◆ **Problem statement**
Would you reproduce exactly the lines below from the one holding "Re:[原创]彩绘圣地-附加彩蛋 BOEING 747-409F(SCD)" through the one holding "Soieblu lace ivory", inclusive, and no others?
[Provided records Boundary: Start]
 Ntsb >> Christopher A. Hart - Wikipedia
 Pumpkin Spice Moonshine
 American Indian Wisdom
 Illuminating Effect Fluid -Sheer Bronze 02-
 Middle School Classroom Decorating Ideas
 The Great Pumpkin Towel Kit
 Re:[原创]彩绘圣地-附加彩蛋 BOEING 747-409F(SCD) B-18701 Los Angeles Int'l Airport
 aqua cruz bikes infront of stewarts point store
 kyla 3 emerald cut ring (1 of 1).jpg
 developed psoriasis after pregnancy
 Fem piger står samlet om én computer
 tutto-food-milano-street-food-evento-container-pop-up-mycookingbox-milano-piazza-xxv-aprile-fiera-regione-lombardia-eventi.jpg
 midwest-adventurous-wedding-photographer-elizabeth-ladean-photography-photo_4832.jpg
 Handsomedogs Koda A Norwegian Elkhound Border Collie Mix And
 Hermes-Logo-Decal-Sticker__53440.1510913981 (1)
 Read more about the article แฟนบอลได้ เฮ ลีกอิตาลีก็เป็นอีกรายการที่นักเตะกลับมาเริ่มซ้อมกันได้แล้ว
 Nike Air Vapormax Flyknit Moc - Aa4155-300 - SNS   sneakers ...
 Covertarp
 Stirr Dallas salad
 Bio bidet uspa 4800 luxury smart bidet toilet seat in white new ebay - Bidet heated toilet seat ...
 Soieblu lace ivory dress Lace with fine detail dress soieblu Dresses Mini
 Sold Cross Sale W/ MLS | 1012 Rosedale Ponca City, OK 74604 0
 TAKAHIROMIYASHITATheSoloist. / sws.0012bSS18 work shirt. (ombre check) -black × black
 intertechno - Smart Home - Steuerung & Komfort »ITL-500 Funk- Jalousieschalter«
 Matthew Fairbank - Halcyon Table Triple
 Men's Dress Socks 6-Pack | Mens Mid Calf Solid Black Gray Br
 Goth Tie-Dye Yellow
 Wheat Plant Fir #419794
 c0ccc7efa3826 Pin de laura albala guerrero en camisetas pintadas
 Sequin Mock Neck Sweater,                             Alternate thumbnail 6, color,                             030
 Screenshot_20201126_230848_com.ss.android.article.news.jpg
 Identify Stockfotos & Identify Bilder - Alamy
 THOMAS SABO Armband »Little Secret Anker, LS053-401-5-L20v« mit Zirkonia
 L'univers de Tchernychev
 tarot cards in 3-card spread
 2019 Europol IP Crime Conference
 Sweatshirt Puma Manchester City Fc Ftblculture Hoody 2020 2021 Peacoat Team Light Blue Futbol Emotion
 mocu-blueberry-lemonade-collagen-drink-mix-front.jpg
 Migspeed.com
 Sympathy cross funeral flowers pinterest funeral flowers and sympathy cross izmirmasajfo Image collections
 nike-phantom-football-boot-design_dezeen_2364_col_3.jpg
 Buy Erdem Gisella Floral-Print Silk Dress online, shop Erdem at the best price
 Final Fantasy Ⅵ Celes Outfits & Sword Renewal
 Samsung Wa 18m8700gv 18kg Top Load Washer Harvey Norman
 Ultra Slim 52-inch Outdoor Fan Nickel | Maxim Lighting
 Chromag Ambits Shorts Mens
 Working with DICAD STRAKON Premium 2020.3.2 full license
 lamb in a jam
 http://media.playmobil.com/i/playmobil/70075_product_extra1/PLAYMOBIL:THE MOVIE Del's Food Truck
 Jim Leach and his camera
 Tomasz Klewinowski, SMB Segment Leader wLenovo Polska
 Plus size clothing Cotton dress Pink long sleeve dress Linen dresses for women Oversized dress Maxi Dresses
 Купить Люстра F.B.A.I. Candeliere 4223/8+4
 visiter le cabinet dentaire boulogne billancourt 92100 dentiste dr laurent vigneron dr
[Provided records Boundary: End]
◆ **Answer to this task**
 Re:[原创]彩绘圣地-附加彩蛋 BOEING 747-409F(SCD) B-18701 Los Angeles Int'l Airport
 aqua cruz bikes infront of stewarts point store
 kyla 3 emerald cut ring (1 of 1).jpg
 developed psoriasis after pregnancy
 Fem piger står samlet om én computer
 tutto-food-milano-street-food-evento-container-pop-up-mycookingbox-milano-piazza-xxv-aprile-fiera-regione-lombardia-eventi.jpg
 midwest-adventurous-wedding-photographer-elizabeth-ladean-photography-photo_4832.jpg
 Handsomedogs Koda A Norwegian Elkhound Border Collie Mix And
 Hermes-Logo-Decal-Sticker__53440.1510913981 (1)
 Read more about the article แฟนบอลได้ เฮ ลีกอิตาลีก็เป็นอีกรายการที่นักเตะกลับมาเริ่มซ้อมกันได้แล้ว
 Nike Air Vapormax Flyknit Moc - Aa4155-300 - SNS   sneakers ...
 Covertarp
 Stirr Dallas salad
 Bio bidet uspa 4800 luxury smart bidet toilet seat in white new ebay - Bidet heated toilet seat ...
 Soieblu lace ivory dress Lace with fine detail dress soieblu Dresses Mini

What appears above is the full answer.